In relation to paying for course my employer pays up fromt to the college and then deduct from my wages over a period of time.  If I pass I claim back my 50% if I don't pass I can't claim.


----------



## seriams (18 Jan 2008)

Thanks for all the input. It's obviously a sore point with a lot of people.
I don't know where I stand because when I first told my boss I was doing the exams, they were all for paying and cutting my hours to give me time to study. 

Then when it came to paying I was given the elbow and took out a personal loan. And now I've paid for them, the boss has again become interested in getting me to work for them when I qualify.
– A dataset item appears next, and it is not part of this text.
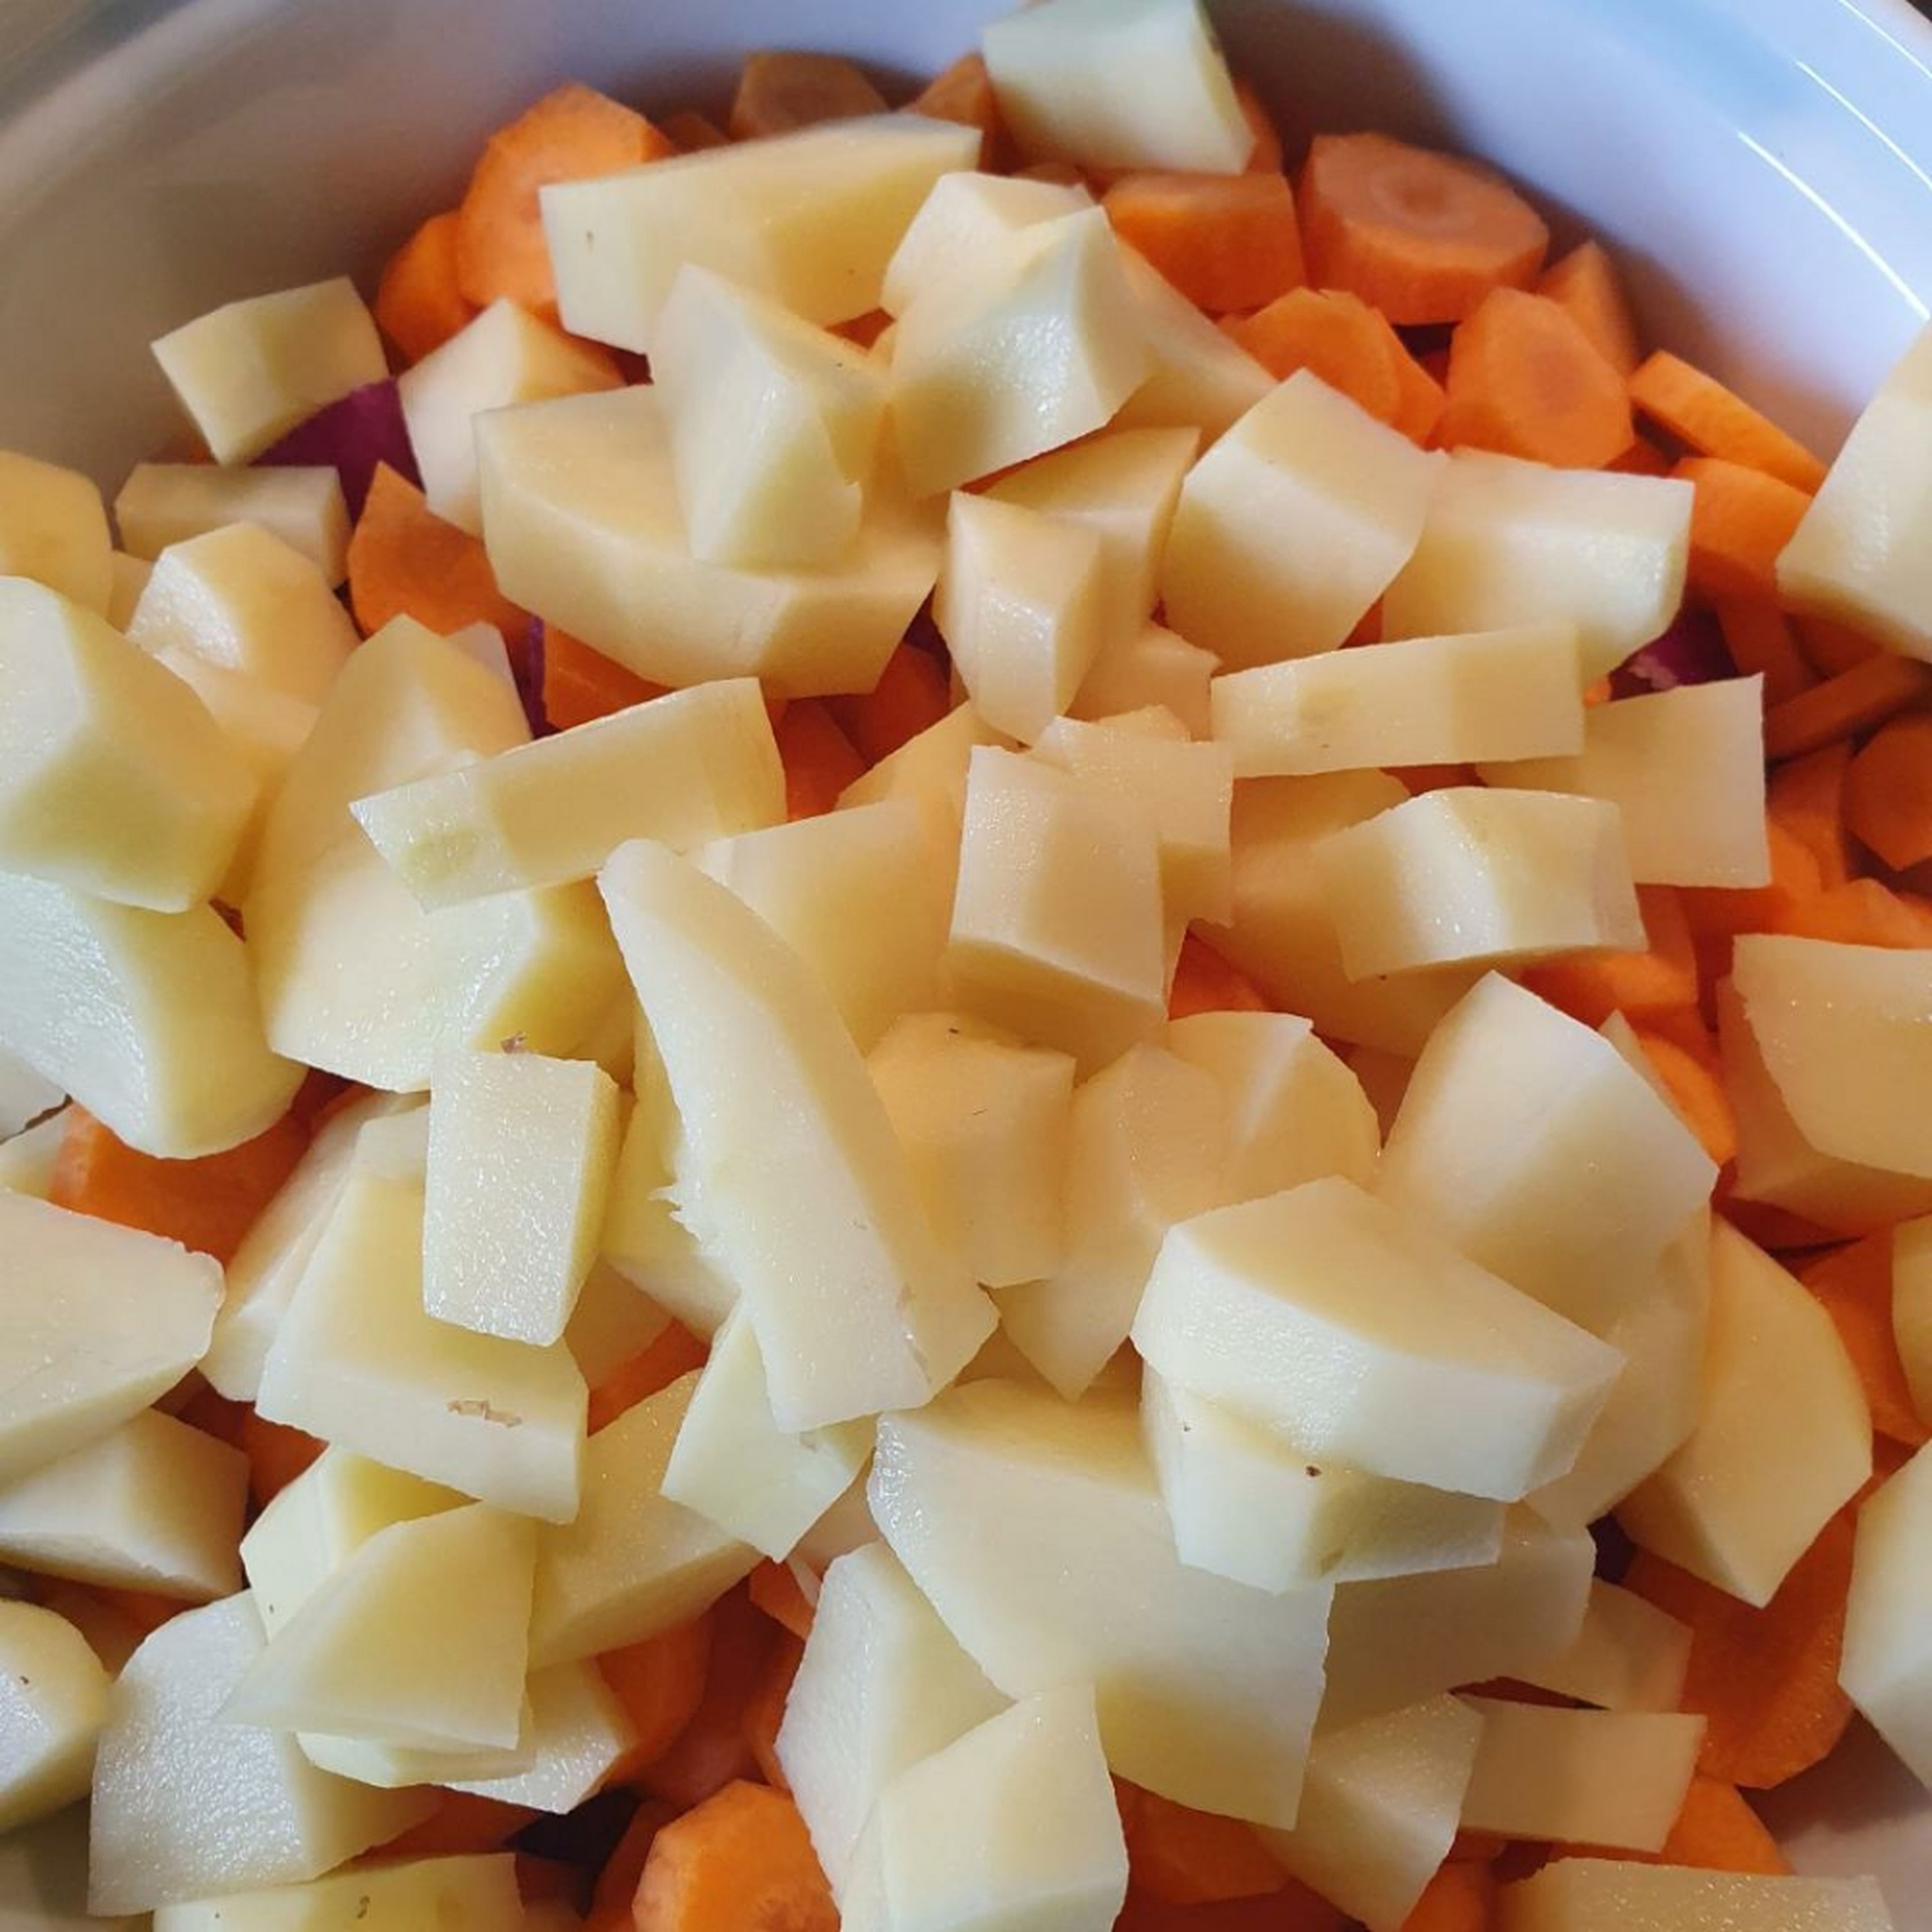 Zwiebeln in grobe Stücke schneiden. Karotten in Scheiben schneiden. Kartoffeln würfeln. Alles zusammen in den Topf zum Fleisch geben.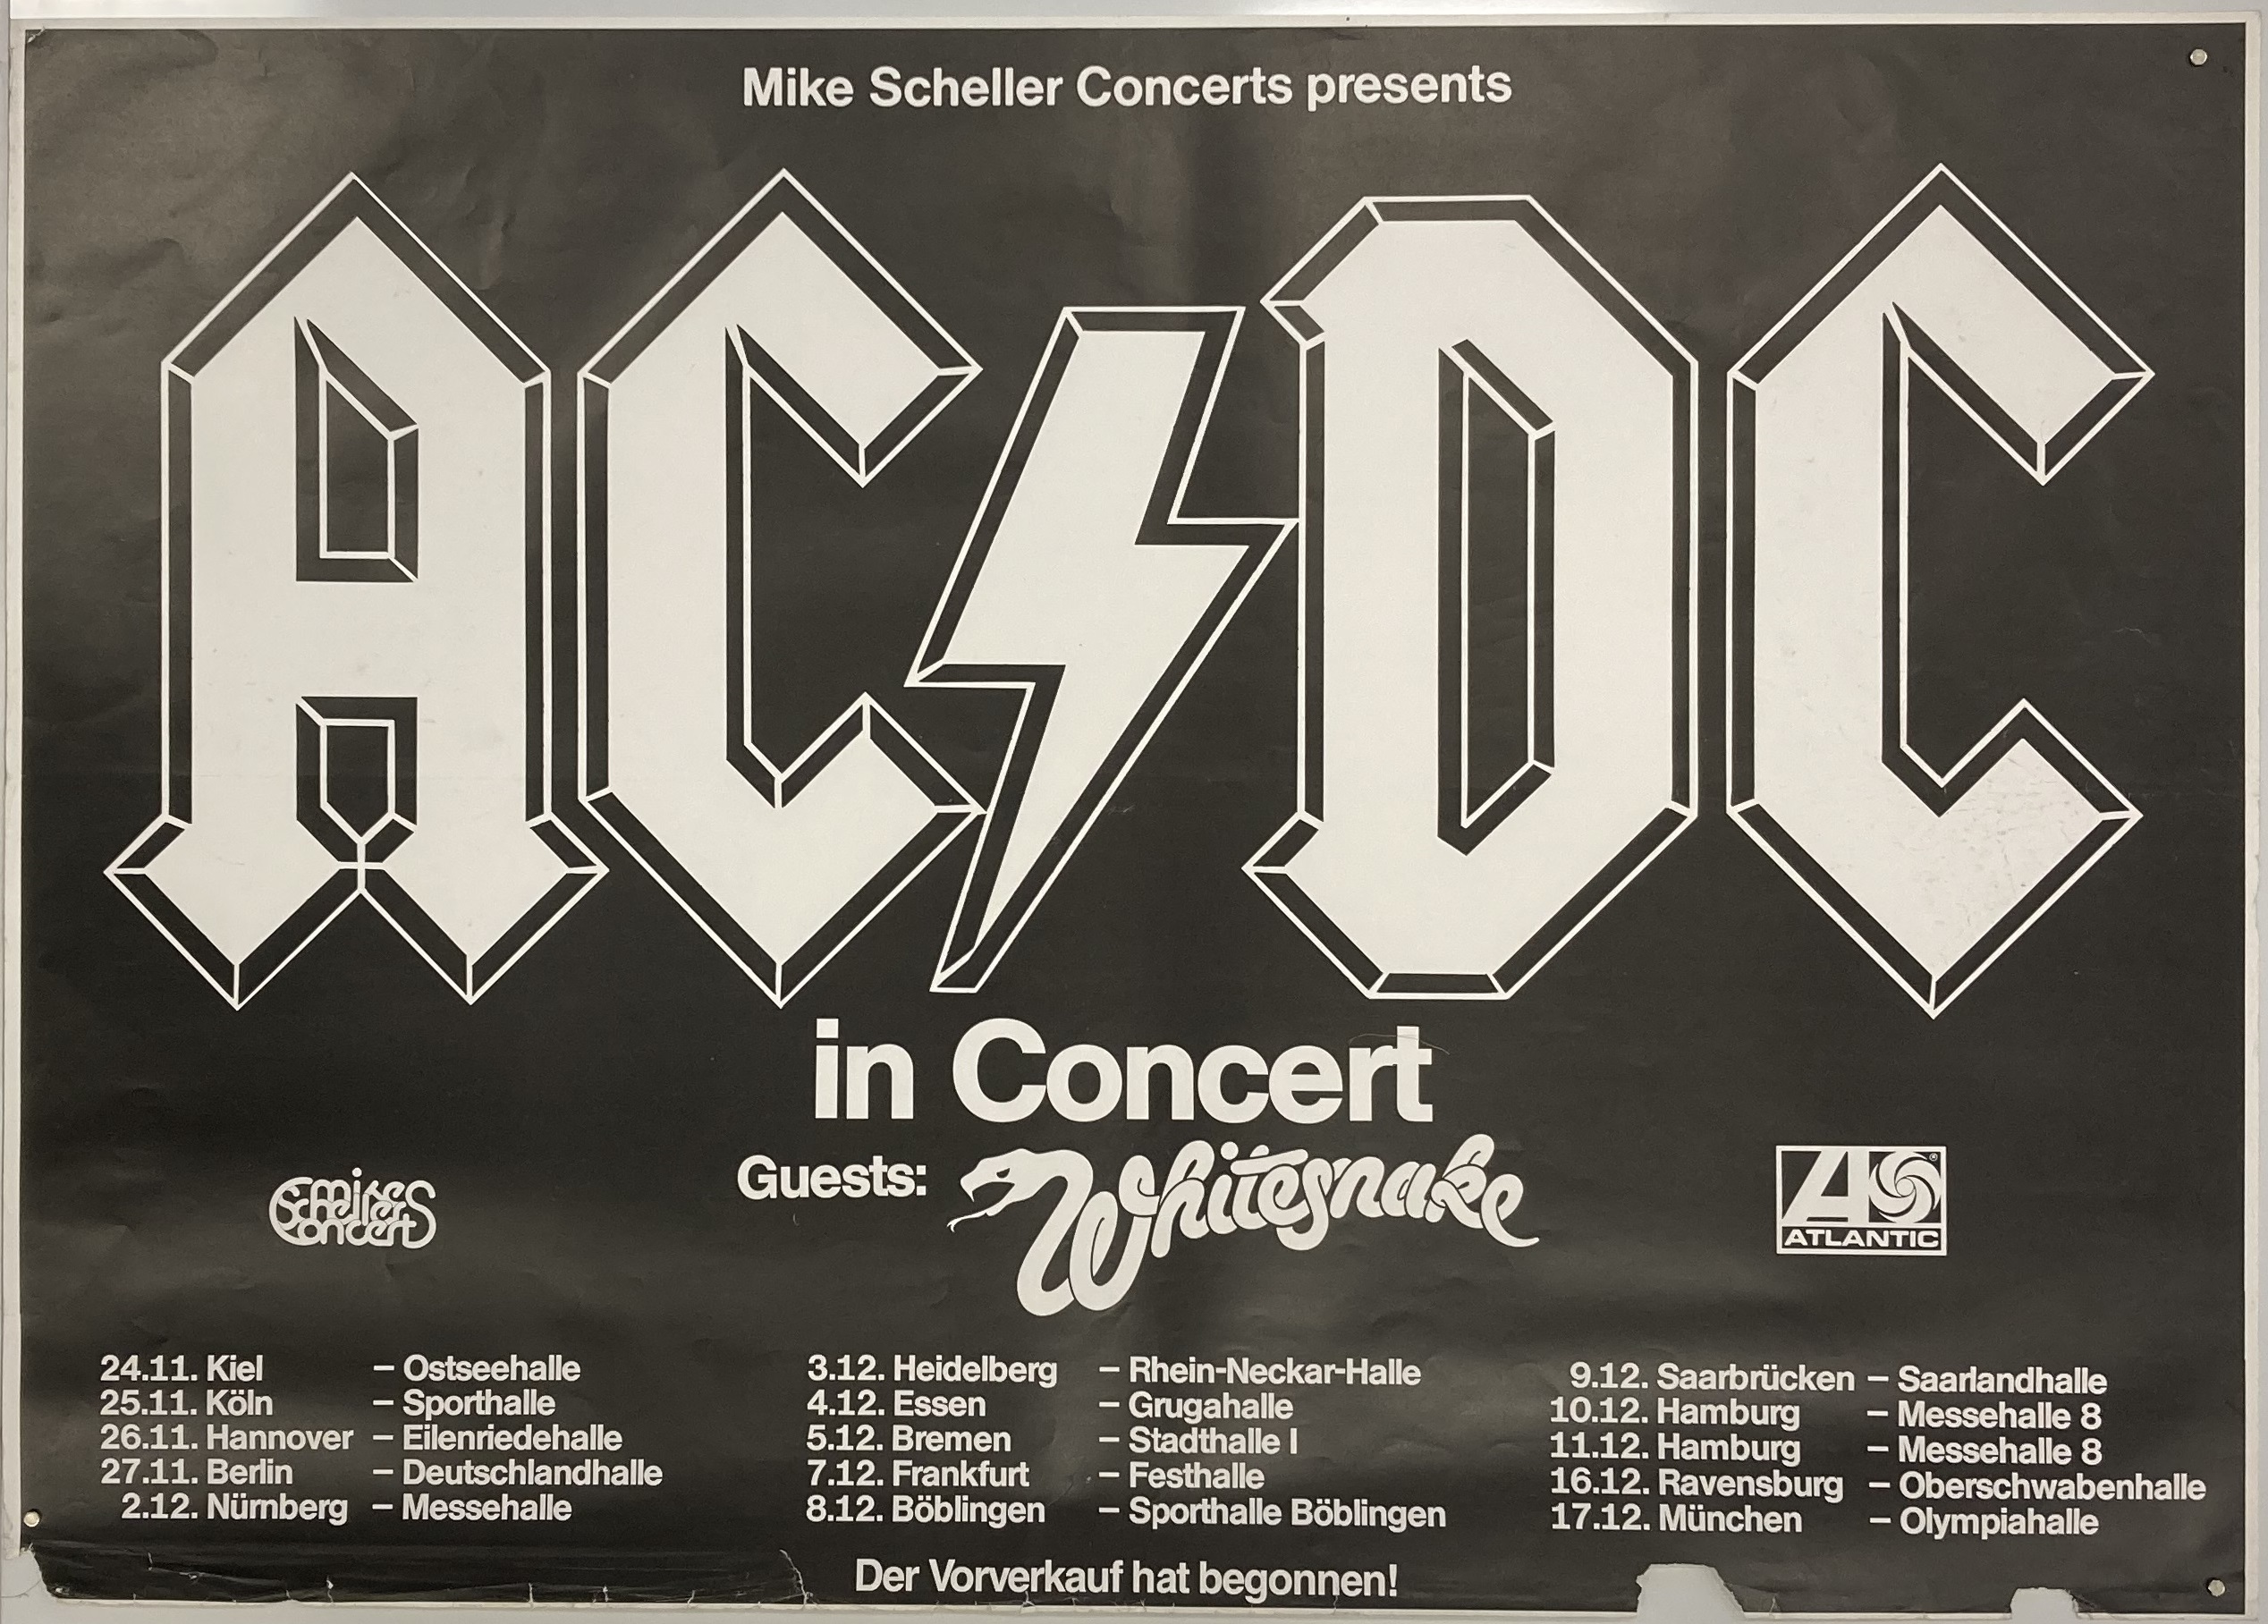 ac dc tour dates 1980

So I'm addled now regards study leave and because 3 of our revision days fall on a work day, I'll need a total of 13 days leave.


----------



## Purple (18 Jan 2008)

Have you sat down and had a conversation about this with your boss?
Why not ask for the time off with half of it paid and half unpaid? Just remember that in the context of the rest of your career 13 days unpaid leave or having bugger all holidays for one year is no big deal so don’t make it into one no matter how unfair you think you are being treated.


----------



## bamboozle (18 Jan 2008)

Having been thru it myself the surest way to pass the exams is to get as much study leave as possible (1 or 2 days leave per exam is not enough & u don’t want to fail exams & then become disinterested) even if it requires taking a paycut I’d try get at least 1 weeks leave per exam, in a very strange way the less money you have while you’re studying the better cause you wont be able to afford to go away with mates for weekends or out on the booze at the weekend thus freeing up time for study & lectures.
I know plenty of folk working in banks getting 1 or 2 days leave per exam and they’ve had to repeat an awful lot especially at the final stage.


----------



## seriams (18 Jan 2008)

Purple, It won't really bother me this year as I'm carrying days from last year but I have another 2 yrs in the course that will need the same leave. I think I'll just have to take unpaid leave if all comes to all.
Oh well......


----------



## Flax (18 Jan 2008)

I get 5 days. It's great.

I'm actually on study leave now, but I'm just surfing the web... exam on Tuesday, gotta get it together...!


----------



## seriams (18 Jan 2008)

You see flax if your not using your days off efficiently, it's not a good idea to say it here 'cos I'm trying to get these days 

Bamboozle you make a good point, I think I would consider that alright. I don't want to spend the rest of my life getting the exams.


----------